下面的脚本读取多个csv文件,合并其中的一些文件并将它们写入到两个不同工作表中的Excel文件中。
它还会将此公式(=IF(COUNTIFS(Meds!A:A,B2)>0,1,0)
)添加到Meds列中每个单元格的最后一列,但是我需要将其递增,因此第二个单元格将是=IF(COUNTIFS(Meds!A:A,B3)>0,1,0)
,依此类推。我不知道如何编写一个循环来做到这一点。我看到了这个post,但在使用openpyxl时遇到了问题,因此想避免使用该库。
import pandas as pd
# read in multiple csv files
df1 = pd.read_csv("file1.csv", encoding = 'utf-8')
df2 = pd.read_csv("file2.csv", encoding = 'utf-8')

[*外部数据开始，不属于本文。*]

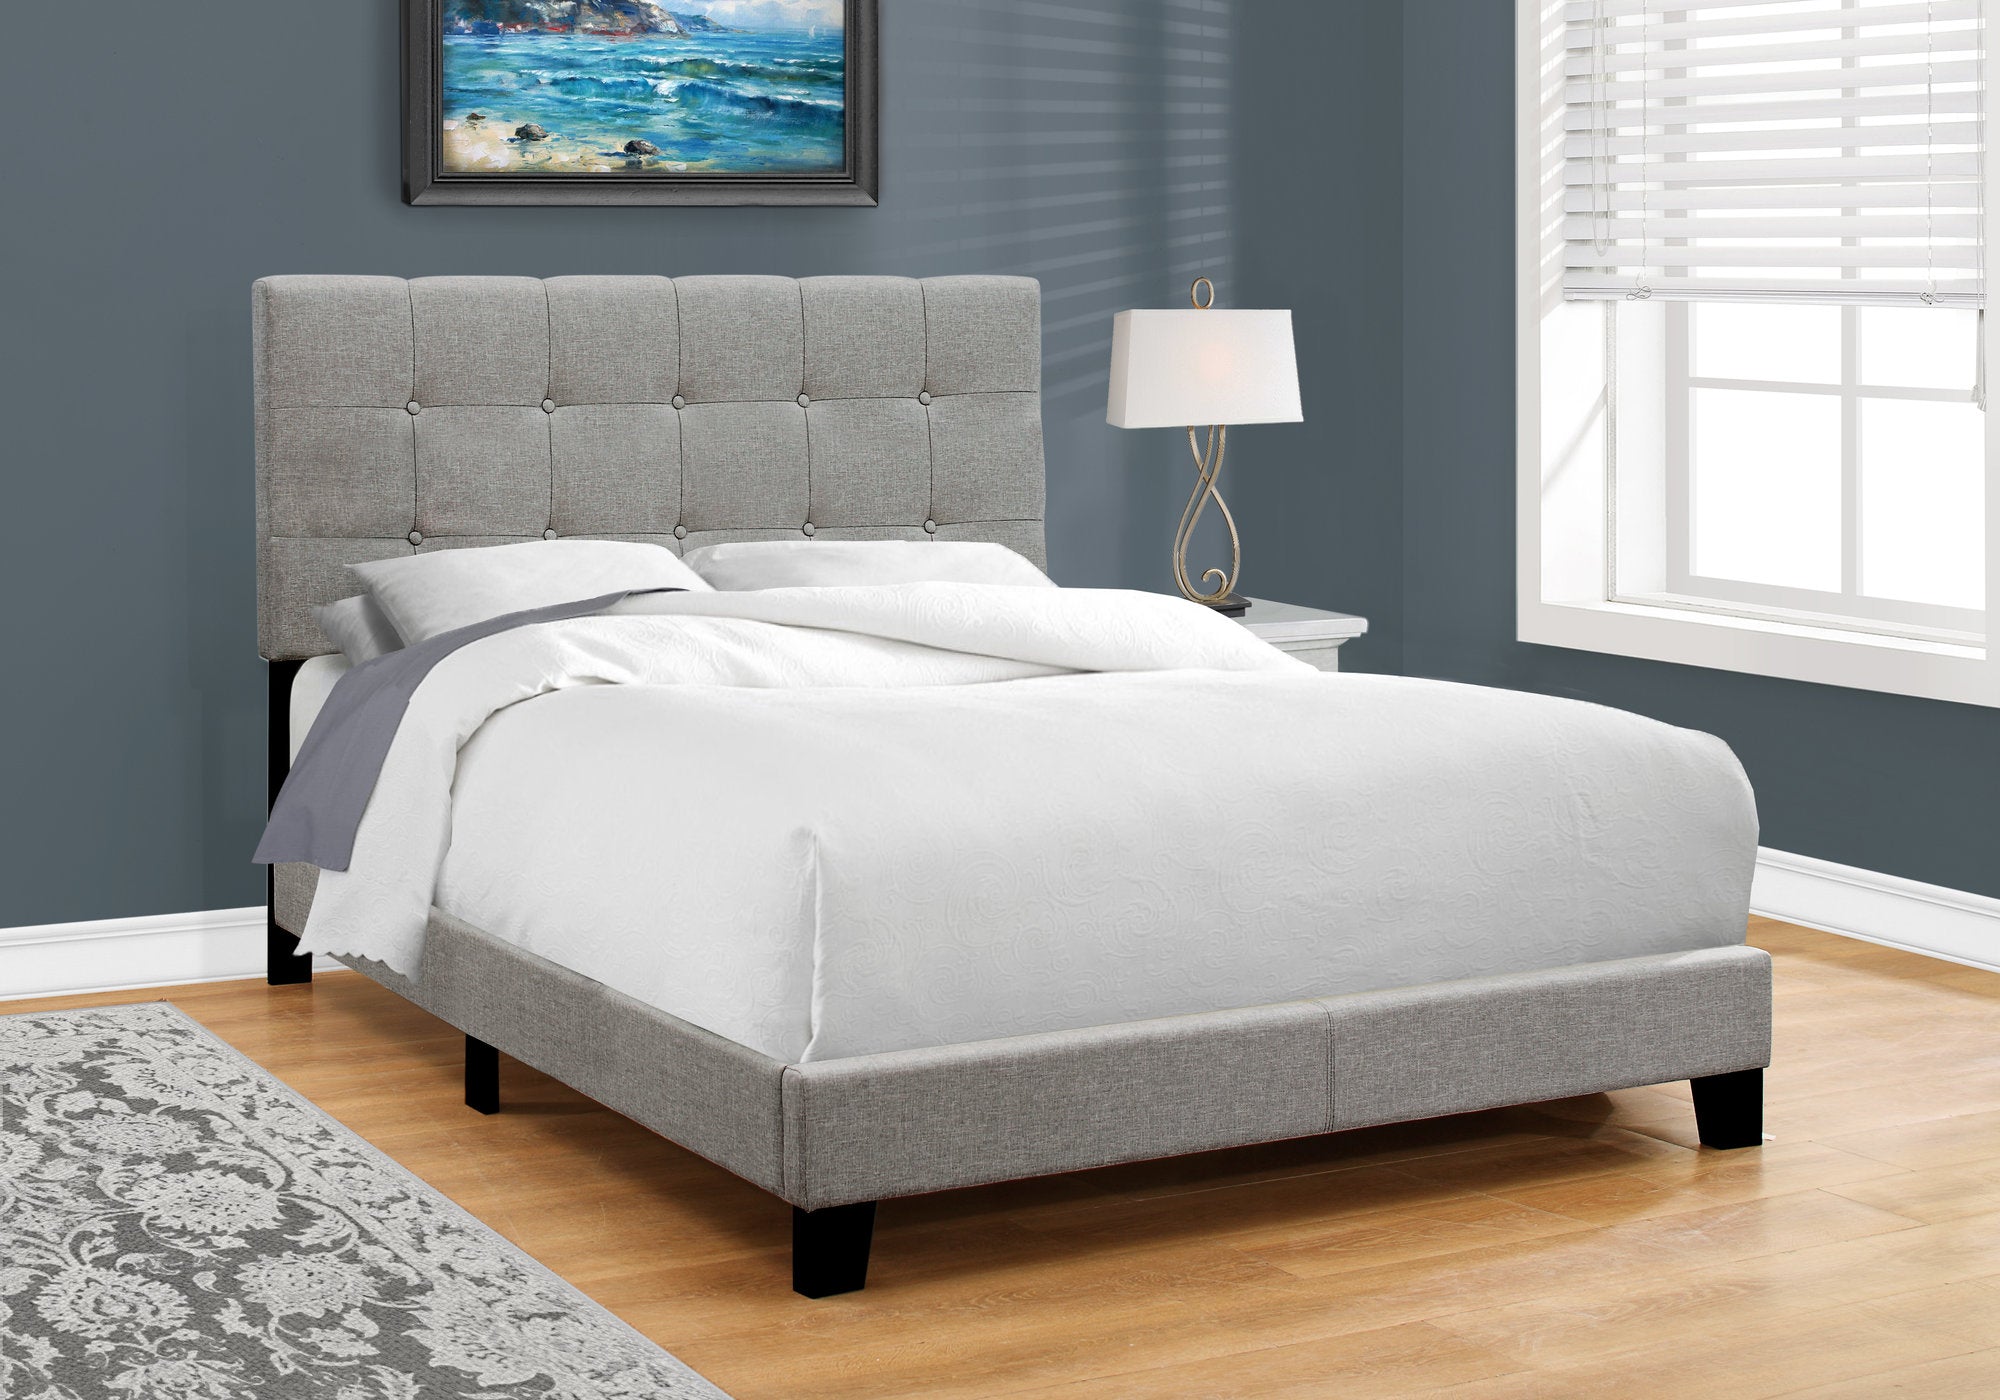 MN-925920F    Bed, Frame, Platform, Bedroom, Full Size, Upholstered, Linen Look Fabric, Wood Legs, Grey, Black, Contemporary, Modern

meds = pd.read_csv("meds.csv", encoding = 'utf-8')
# create a list of dataframes (excluding meds)
dfs = [df1, df2]
# merge dataframes in list
df_final = reduce(lambda left,right: pd.merge(left,right,on='RecordKey'), dfs)
# add empty column
df_final["Meds"] = ""
# Create a Pandas Excel writer using XlsxWriter as the engine.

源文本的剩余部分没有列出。